Oh, and to make it worse: it’s not documented. Anywhere. This forum post is all MSDN (Microsoft’s developer site, maker of the most popular web browser on Earth) has. Mozilla (makers of the second-most popular web browser on Earth) has absolutely nothing on it, or at least nothing Google’s indexed. Nor does w3.org, the maintainers of the DOM standards (most relevant to this issue.)
What. The. Fuck.
Here’s a test page to demonstrate the issue:
<html>
<head>
<title>Test</title>
</head>
<body>
<p>h</p>
<p>e</p>
<hr />
<p>l</p>
<p>l</p>
<hr />
<p>o</p>
<script type="text/javascript">
// Call the "broken" version of CombinedElementList
// This function fails in both IE and Firefox, even
// though at first glance it looks fine. Reason?
// getElementsByTagName *doesn't* return an array,
// instead it returns a "dispHTMLElementCollection"
// which looks and acts exactly like an array, but
// has no .push() method.
//var combo = CombinedElementListBroken();
// The "fixed" version uses a Javascript array to
// store the results of the two
// getElementsByTagName calls.
var combo = CombinedElementListWorks();
alert(combo.length); // Expect: 7
function CombinedElementListBroken()
{
// Create two "arrays" of HTML elements
var paras = document.getElementsByTagName('P');
var hrs = document.getElementsByTagName('HR');
// Attempt to combine the two using a simple FOR loop
for (var i = 0; i < hrs.length; i++)
{
// IE: Object doesn't support this property or method
// Firefox: paras.push is not a function
paras.push(hrs[i]);
}
return (paras);
}
function CombinedElementListWorks()
{
// Create two "arrays" of HTML elements
var paras = document.getElementsByTagName('P');
var hrs = document.getElementsByTagName('HR');
// Create a third, blank, array to store the combined list
var combinedArr = new Array();
// Puts elements from the first "array" into the combined array
for (var i = 0; i < paras.length; i++)
{
combinedArr.push(paras[i]);
}
// And the second
for (var i = 0; i < hrs.length; i++)
{
combinedArr.push(hrs[i]);
}
return (combinedArr);
}
</script>
</body>
</html>
Ok, so I posted this to TheDailyWTF, thinking it’d be a laugh: it’s not. Don’t do that, ever. You’d never know it from the frontpage, but the WTF forums are full, apparently, of programmers with psychic or telekinetic powers. To them, it’s my own fault that I couldn’t tell with only my mind that a dispHTMLElementCollection is actually the same thing as a NodeList as documented in the DOM2 standards.

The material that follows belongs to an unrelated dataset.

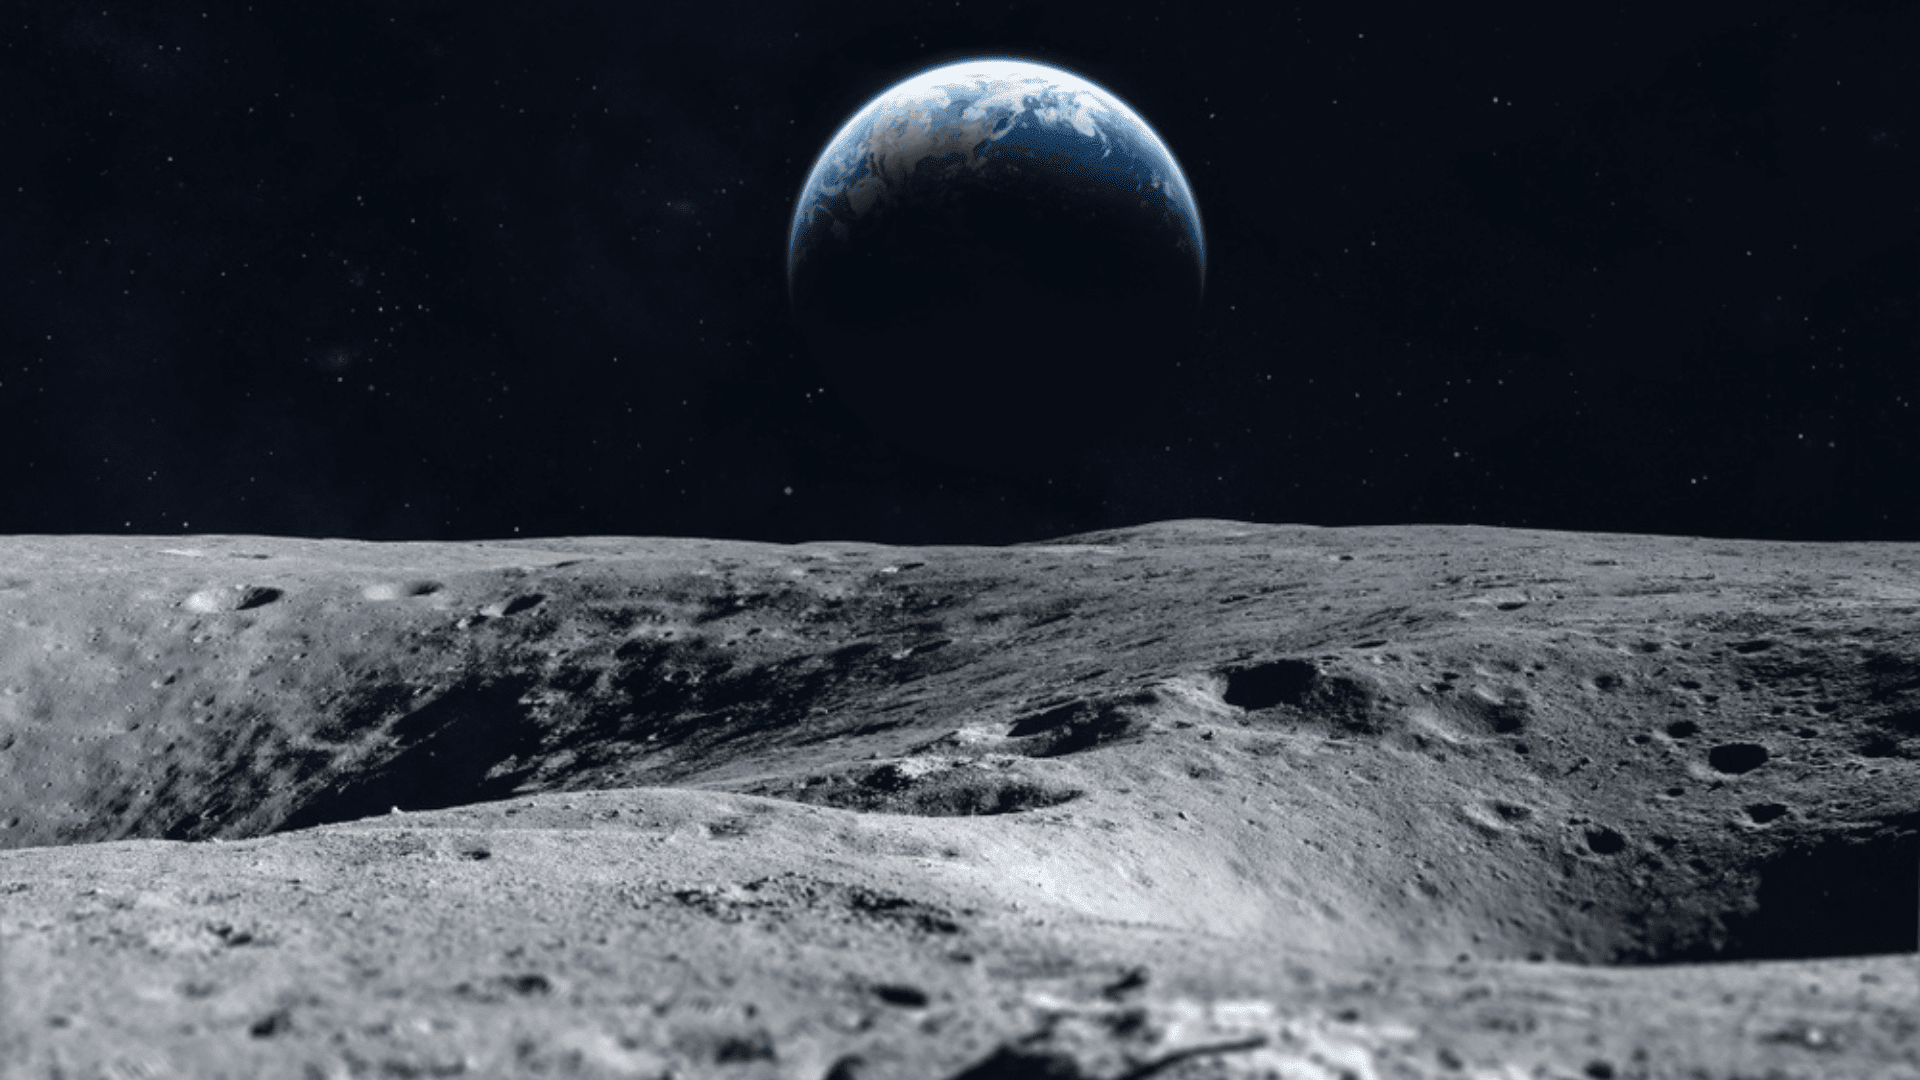 Moon is shrinking, causing moonquakes and lunar instability

Read the thread if you like.
One useful piece of information I did glean from this, though, the reason that getElementsByTagName (and similar functions) return something other than an array: the list they return is “live”, meaning they can update as elements are added or removed from the page. I don’t see this as being particularly useful, but, hey, at least it explains why it’s not an array.
Several non-useful pieces of information I received: link after link after link to documentation that doesn’t have the terms “dispHTMLElementCollection” and “NodeList” on the same page, and thus have absolutely nothing to do with the WTF I reported.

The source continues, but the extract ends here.